Again, not a nice picture. Like we're paying for the past instead of investing for the future (even with student loans; when there are no jobs or you spend buckets of time looking, you're not reaping the benefits). And paying off the past is always harder than investing for the future, as catchup is harder than moving forward.

1 comment:

Anonymous said...

I've told you this before, but we might as well put it down in cold type...people laughed at AMERICATHON, and its central premise: John Ritter as President Chet Roosevelt, shilling for a telethon to bail the U.S. out of its debt sinkhole.

"Ridiculous," people said at the time. "No way this could ever happen."

Well, then along came the likes of Reagan and Bush, and we know what happened -- although this present character's regime makes the red ink racked up at that time look piddling. The only thing missing is the film's opening scene, in which people walk, or bike, on the now-empty highways (since cars no longer have enough gas to run).

When I read this post, I thought, "Boy, there's so many ways we could make these things work better" -- as you note, the major problem is this corporate mentality that allows the country to be drained dry (with the costs passed on to us).

Additionally, things have slipped to where nothing in America can be created without something green attached to it. Student loans have always struck me as a classic example: essentially, they amount to a subsidy for the few companies that have been fortunate enough lock up those precious borrowing privileges.

From another standpoint, the biggest damage is to opportunities that people might pursue, without big debt burdens.

One example is all the so-called "helping professions," as they call them (nurses, social workers and care aides, to name a few). They pay pretty poorly to begin with, and if you're saddled with large debts, pursuing those careers is typically not on the radar screen.

Wny not do what Australia does -- tie student loans to a percentage of future earnings? Thus, if you have a lower-paying job, your burden is lower (and vice versa).
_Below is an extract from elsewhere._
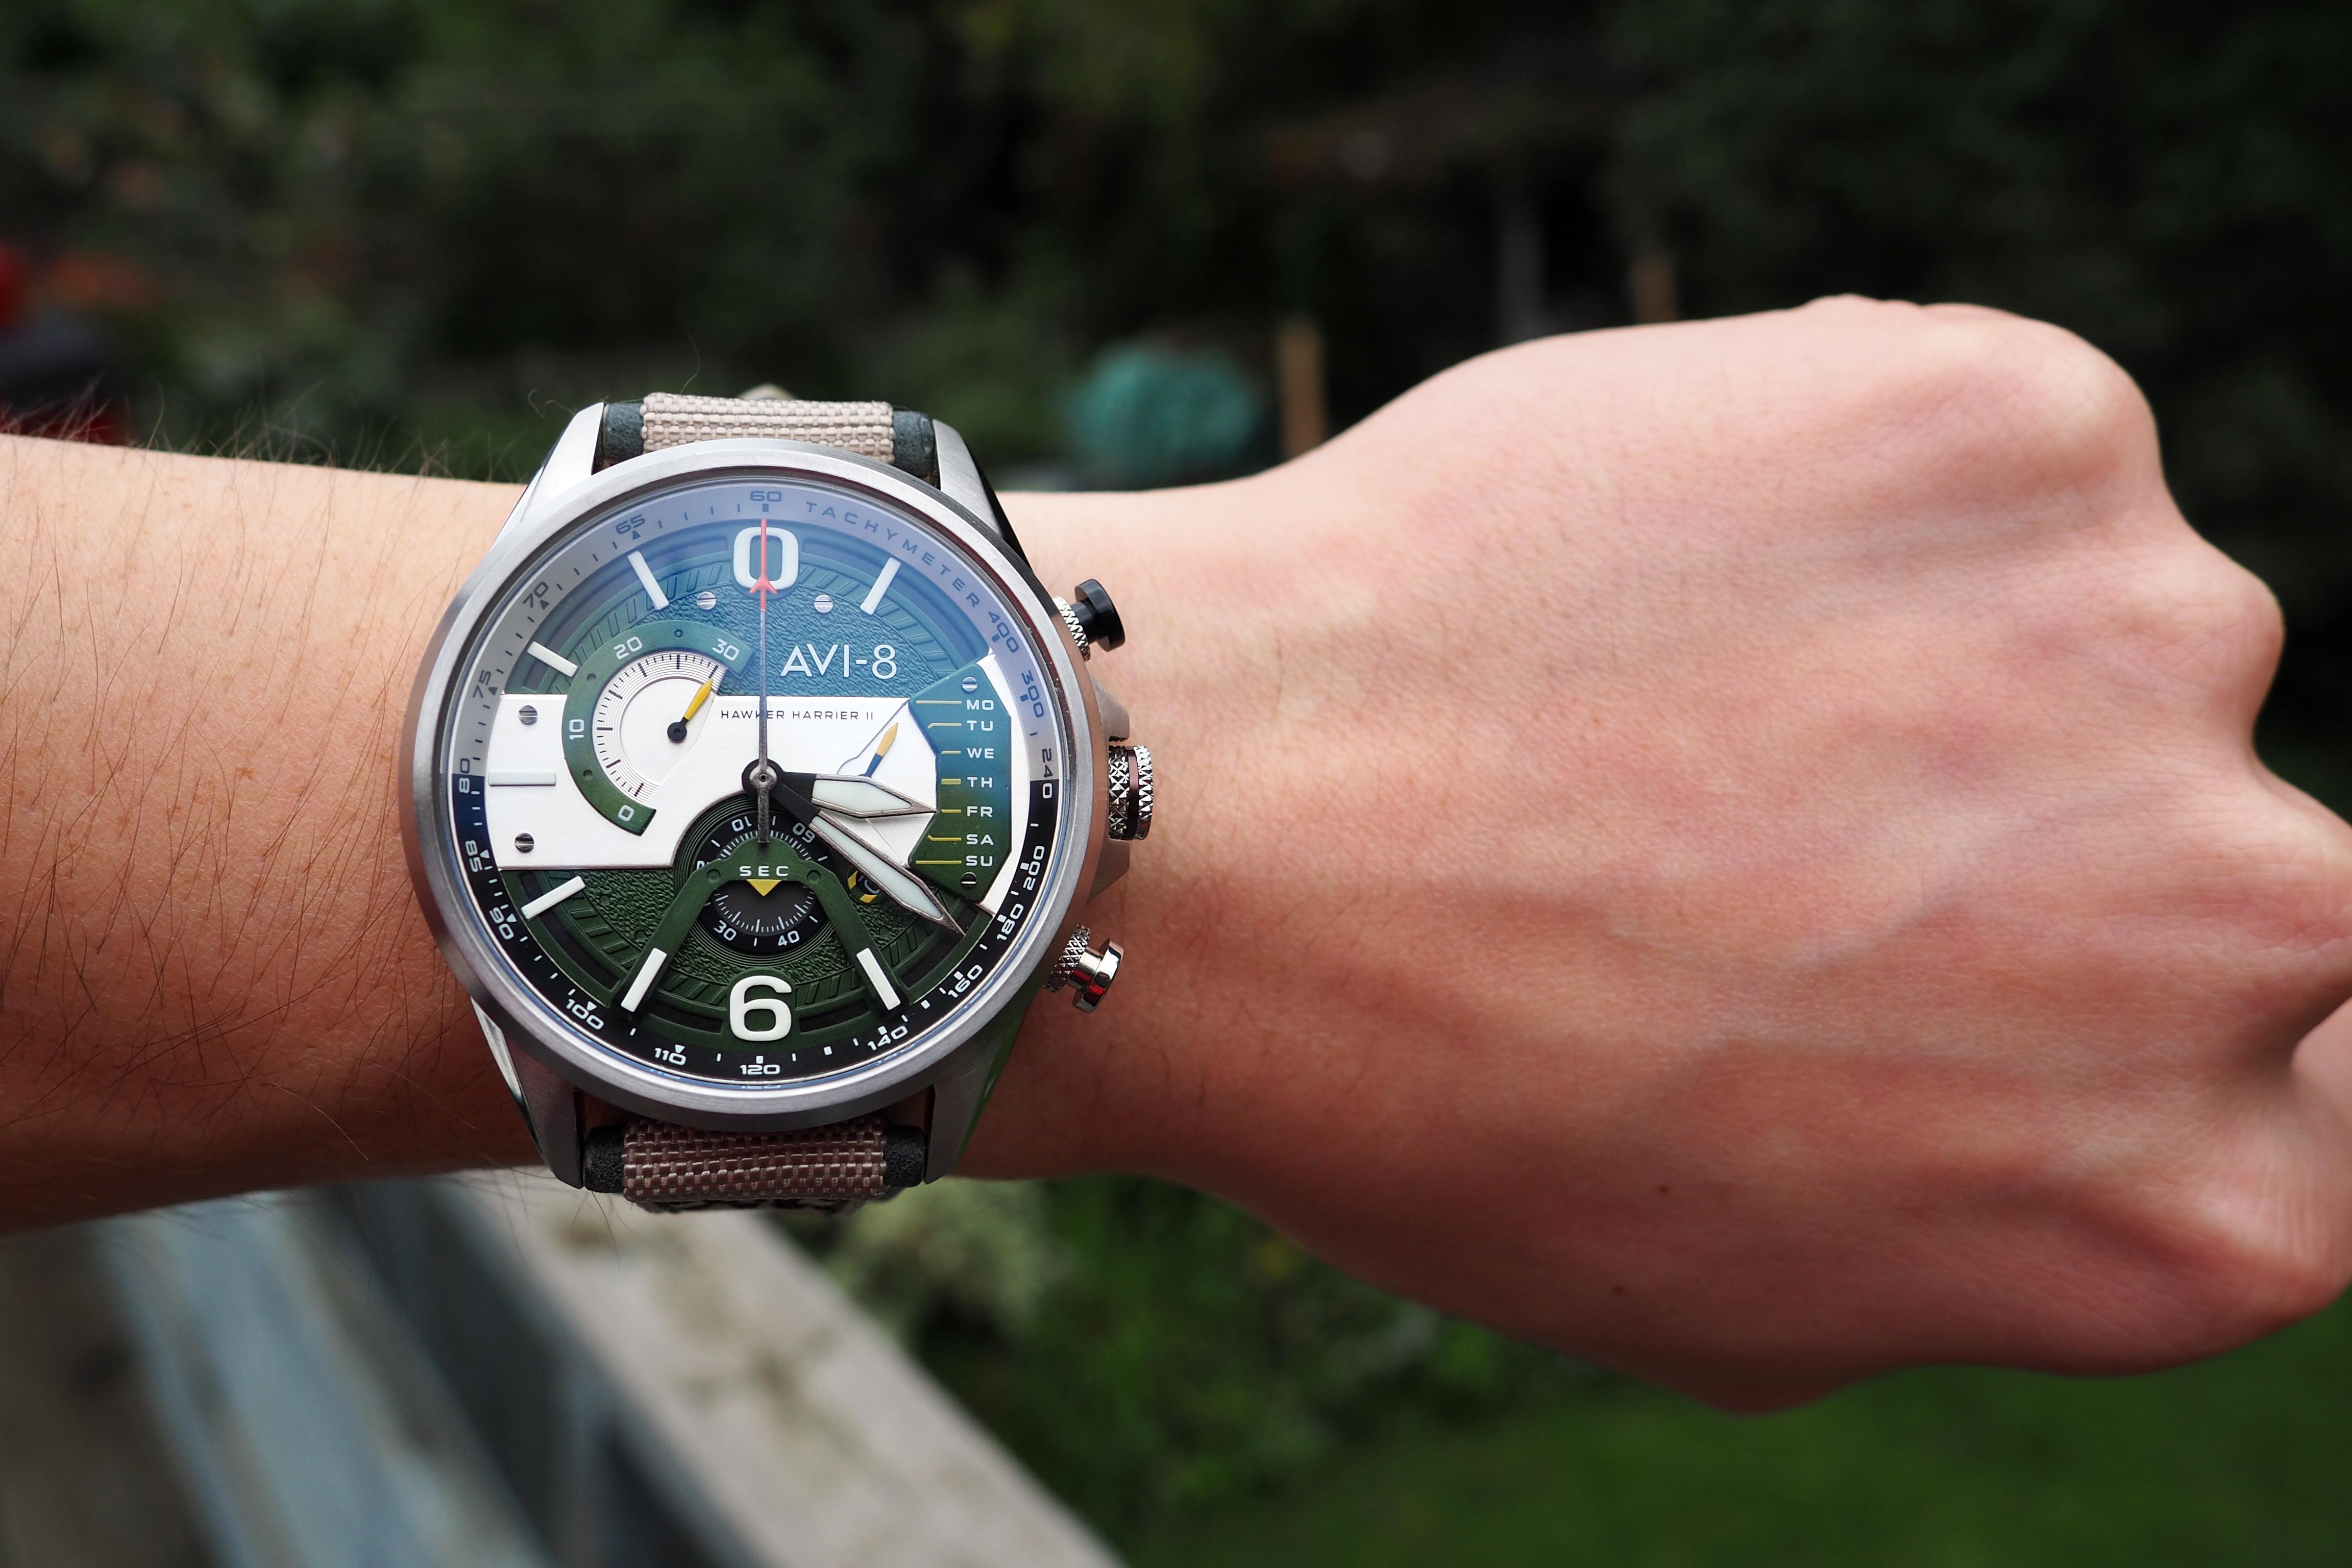 avi-8 on the wrist

I've also read of states in the Plains pursuing a similar program, in which medical scool grads get lower interest rates; in return, they sign pledges to serve in an area for X number of years.

Rural areas get doctors, the loans get repaid, and the grads get more income to put back into the communities they agree to serve.

Makes sense, right? But two things will have to happen before these little scenarios get more common: either, a bubble burst that makes the '30s look like a kiddie picnic -- or retiring more of these "so-called people's representatives," my dad used to say, "who take all this money so they can 'vote their conscience.'" Enough said on that one.